In 1972, the Surgeon General’s Scientific Advisory Committee on Television and Social Behavior concluded that there is a direct, causal link between seeing violence on television and aggressive behavior. In 2000, six major professional societies—including the American Medical Association, the American Academy of Pediatrics, and the American Psychiatric Association—officially concurred, saying that “the data point overwhelmingly to a causal connection between media violence and aggressive behavior in some children” (“Joint Statement on the Impact of Entertainment Violence on Children,” 2000). Meta-reviews of the most rigorous studies indicate that the effects of television violence are very strong (Coie and Dodge, 1998).

Children are the most susceptible viewers because they are the least able to evaluate what they see (Slaby, 1997). Researchers (Coie and Dodge, 1998; Donnerstein, Slaby, and Eron, 1994; Slaby, 1997) have documented at least four main effects:

  • Aggressor effect. Children who watch violent media are more likely to engage in aggressive behavior, especially if they identify with aggressive characters or find the violence realistic and relevant to their own lives. They may come to think that aggression is an acceptable way to resolve conflict. The more violence a child watches, the more aggressive the child’s behavior is likely to become.
  • Victim effect. Watching television violence makes some children more fearful. Most vulnerable are those who identify with the victim and perceive the violence as realistic. Heavy viewers of violence can acquire “mean-world syndrome,” mistrusting people and seeing the world as more dangerous than it really is.
  • Bystander effect. Watching media violence desensitizes children and leads them to think that violence is normal, especially when programs present it as acceptable and without consequences. Instead of responding to real-life pain and suffering with sympathy, child viewers of violence remain indifferent.
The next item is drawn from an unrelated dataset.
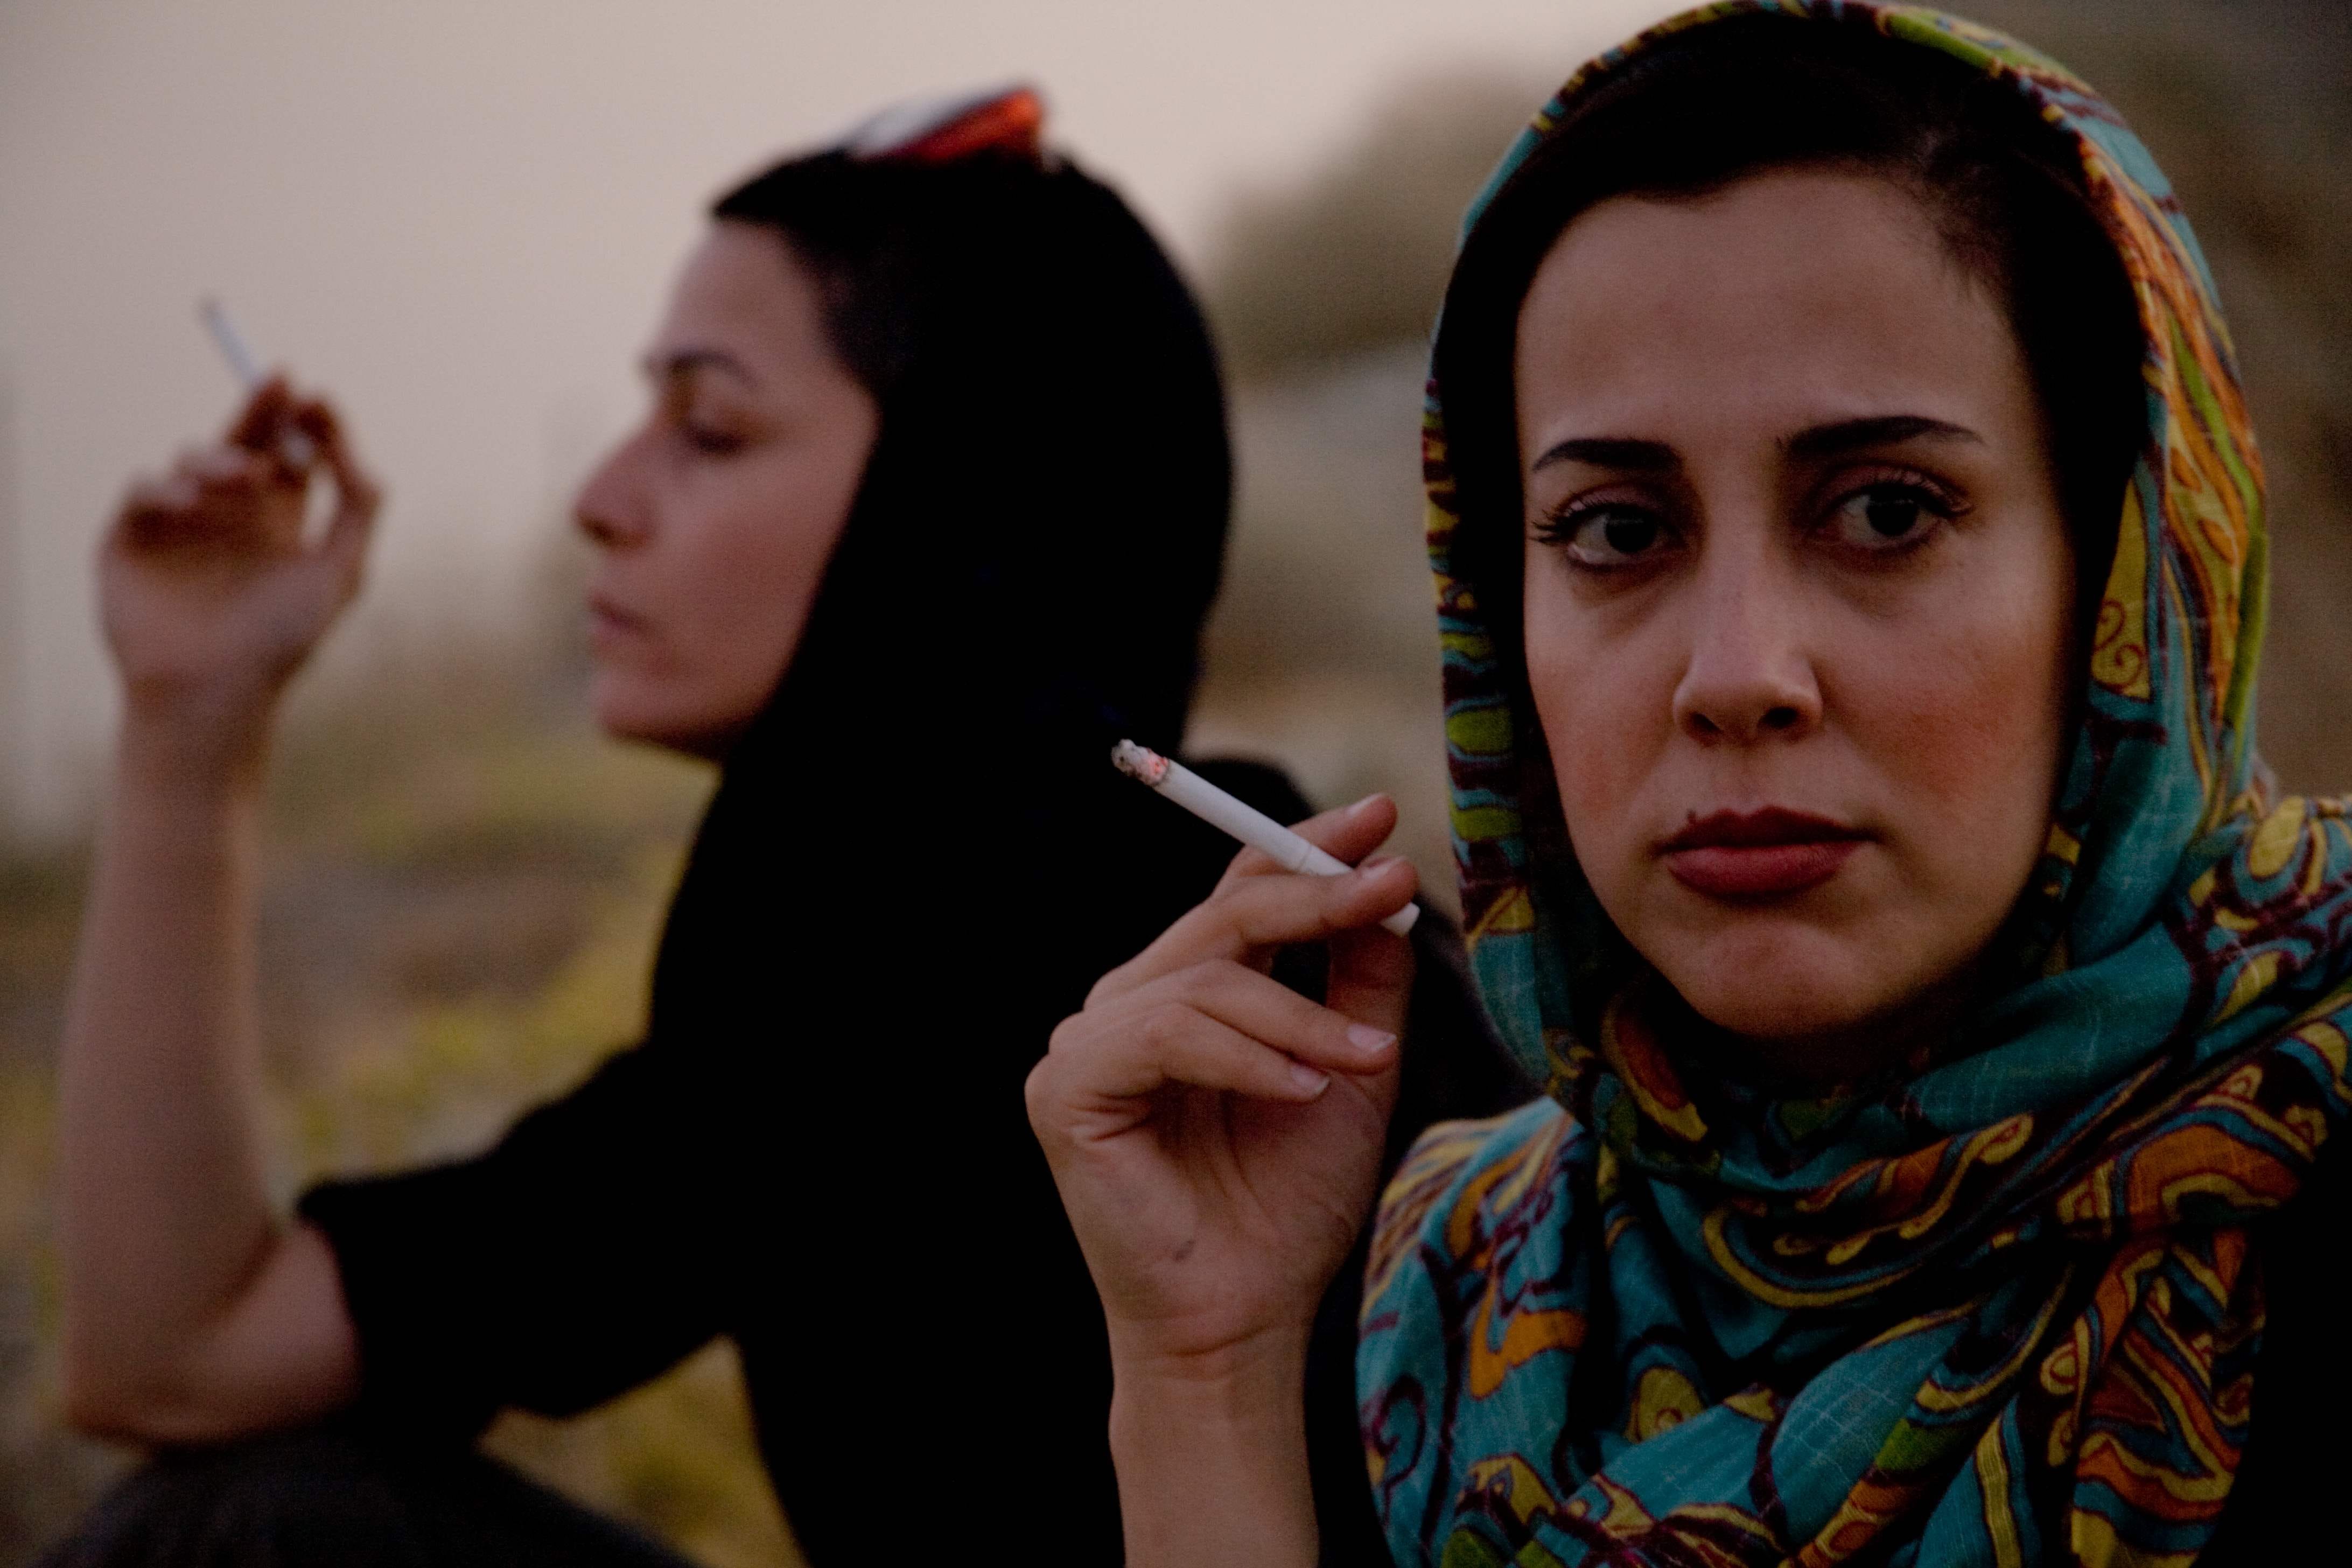 30-essential-iranian-films-to-watch-in-honor-of-nowruz-persian-new
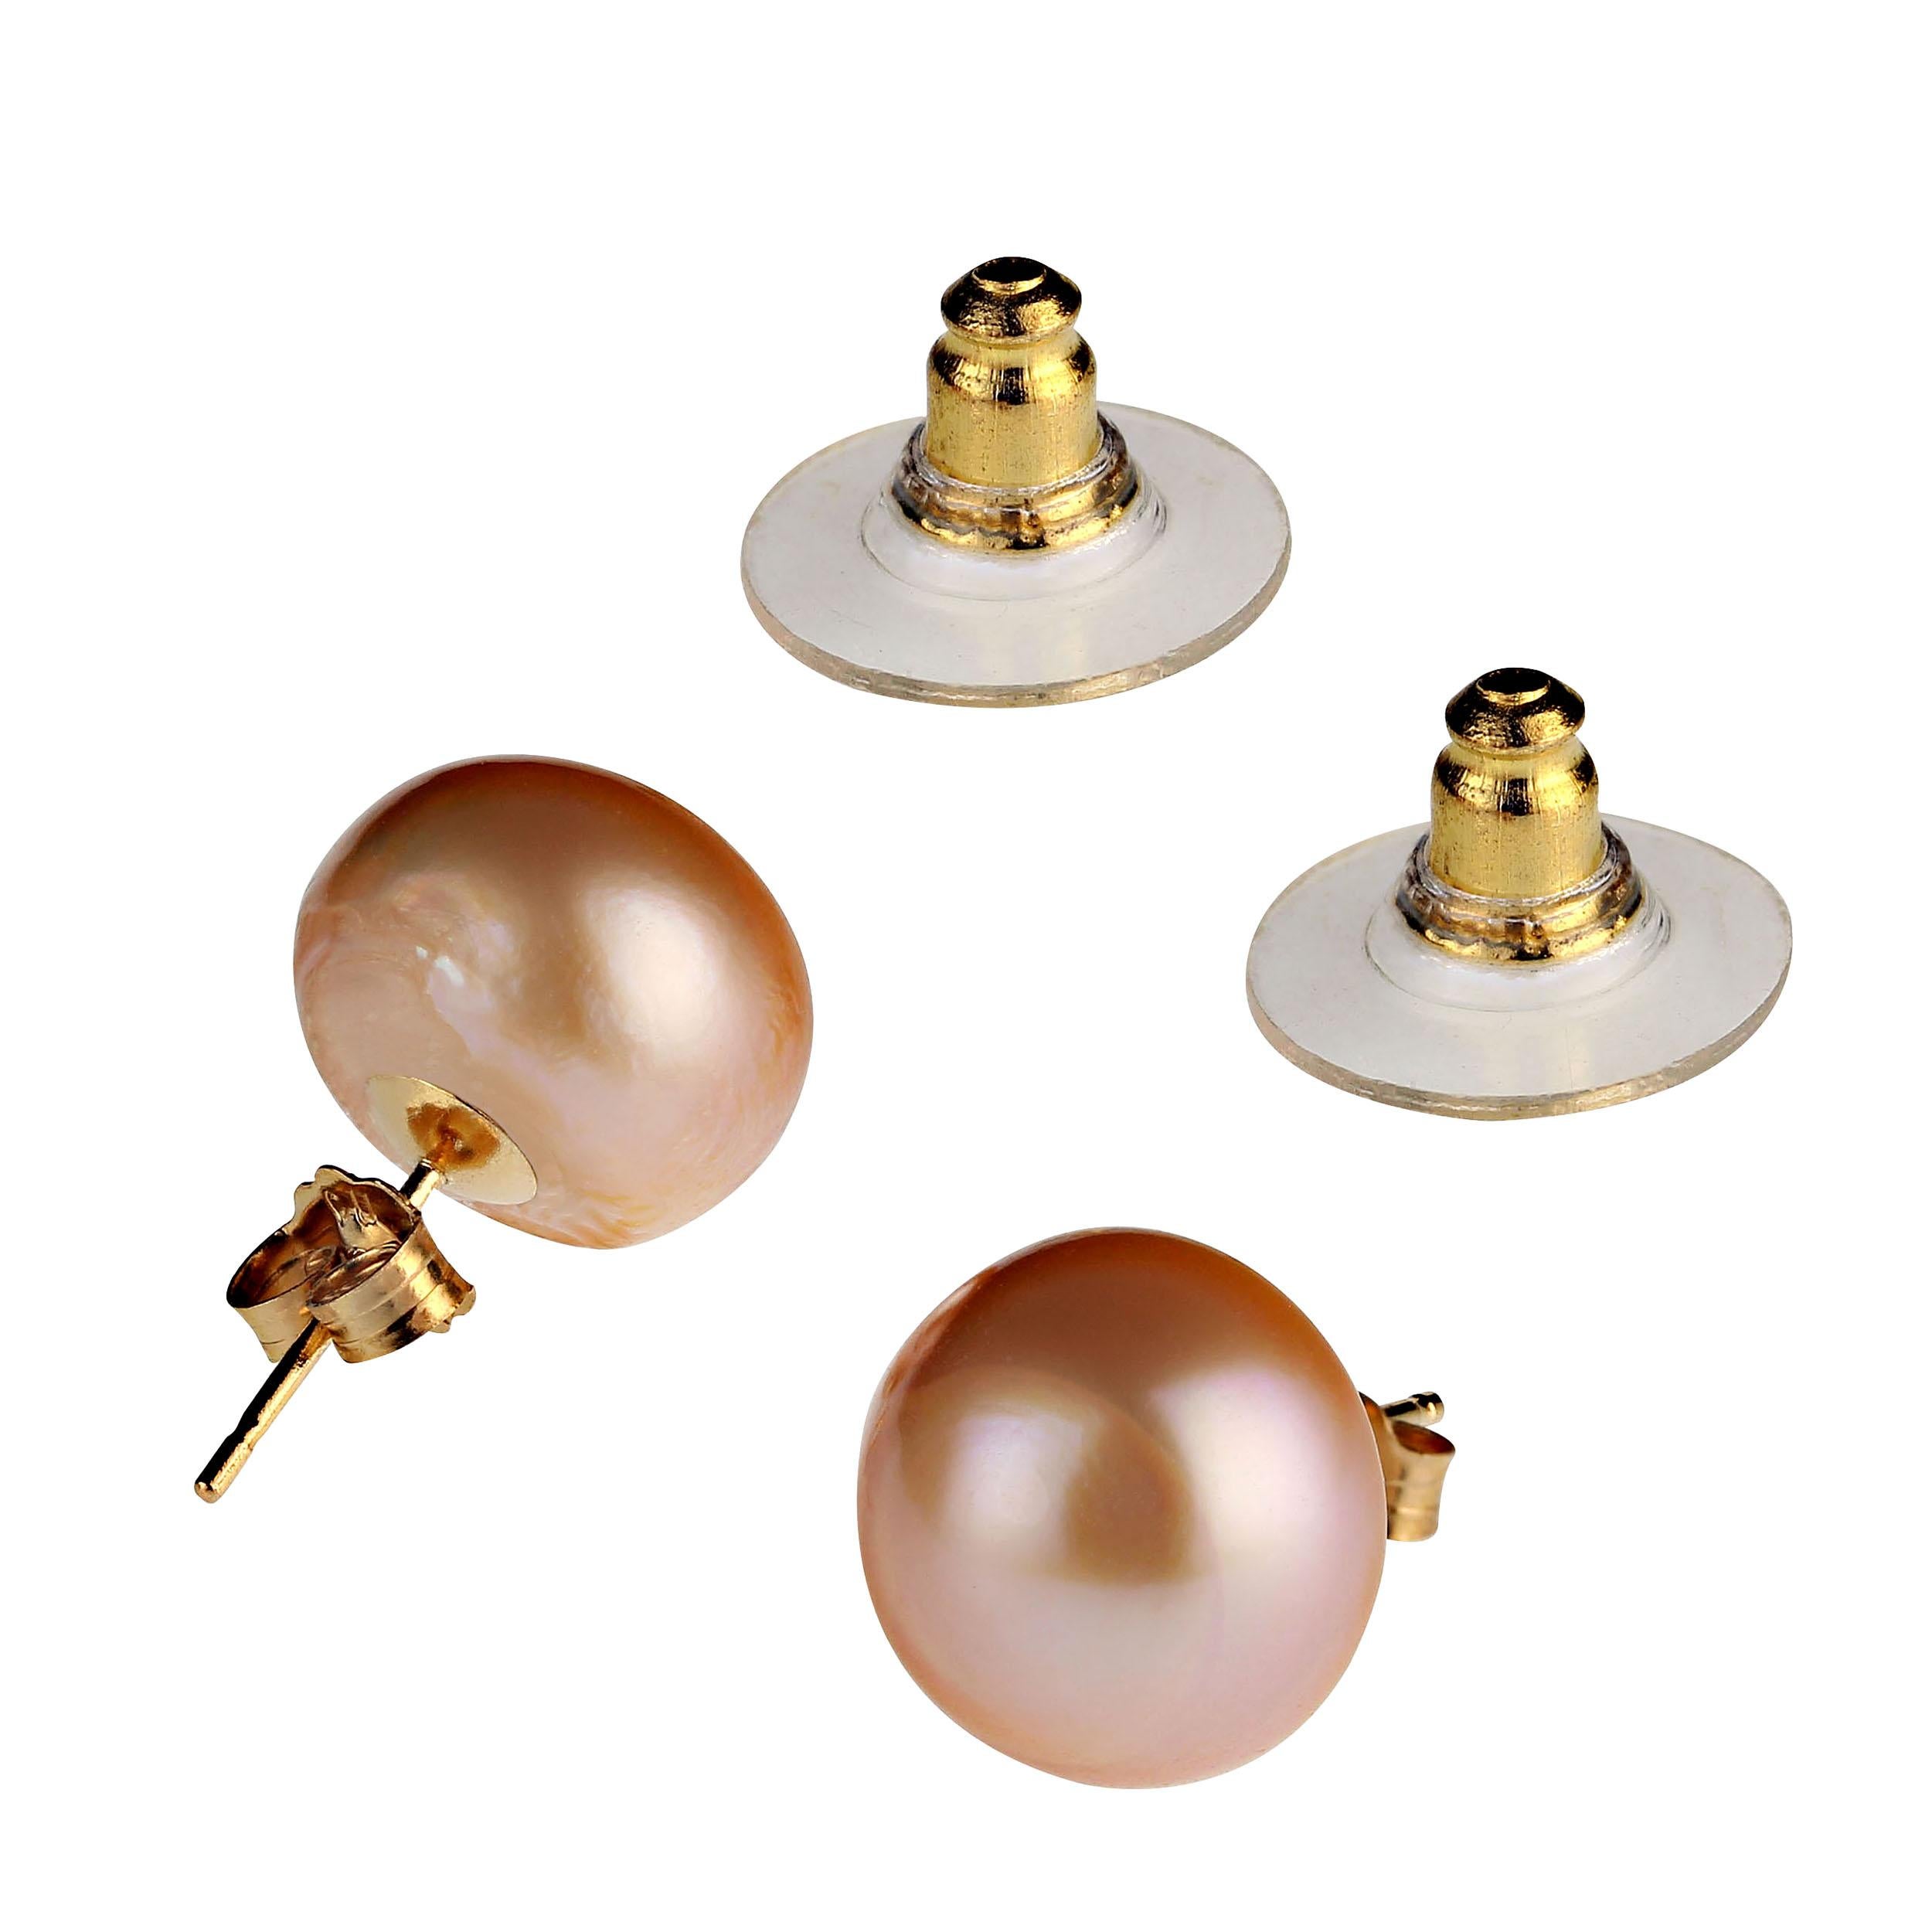 Your classic jewelry must have, lustrous, glowing 11MM Pearl Studs. These gorgeous studs are iridescent bronzy with 14k yellow gold posts, push backs, and cushion backs.  The cushion backs ensure comfort and keep the pearl secured properly on your

In one experiment, children who had watched a violent program were far less likely to intervene or call for help when fighting broke out among the children they were “babysitting” (Thomas and Drabman, 1975).
  • Increased appetite effect. When television violence is fun and exciting, children crave more of it. Children who behave aggressively watch more violent television in order to justify their behavior.

Research is also uncovering evidence that watching television at a very young age is associated with attentional and organizational problems and impulsive behavior at age 7. One study found that a child’s risk of attention problems rose by nearly 10 percent for each hour of television she watched per day (Christakis et al., 2004). Another study (Zimmerman, Glew, Christakis, and Katon, 2005) links bullying in school-age children to early television viewing. Prosocial television has prosocial effects, but there is relatively little of it to be seen (Donnerstein et al., 1994; Murray, 1997).

Whether violence enters their lives via their own families, their peers, their neighbors, or the media, children who are exposed to it are learning that it is an acceptable—and effective—way to resolve conflict and gain power. They become readier to accept aggressive behavior both in themselves and in others, and they are at high risk for criminal behavior and for aggressive behavior in their own dating and marital relationships (Suderman and Jaffe, 1997).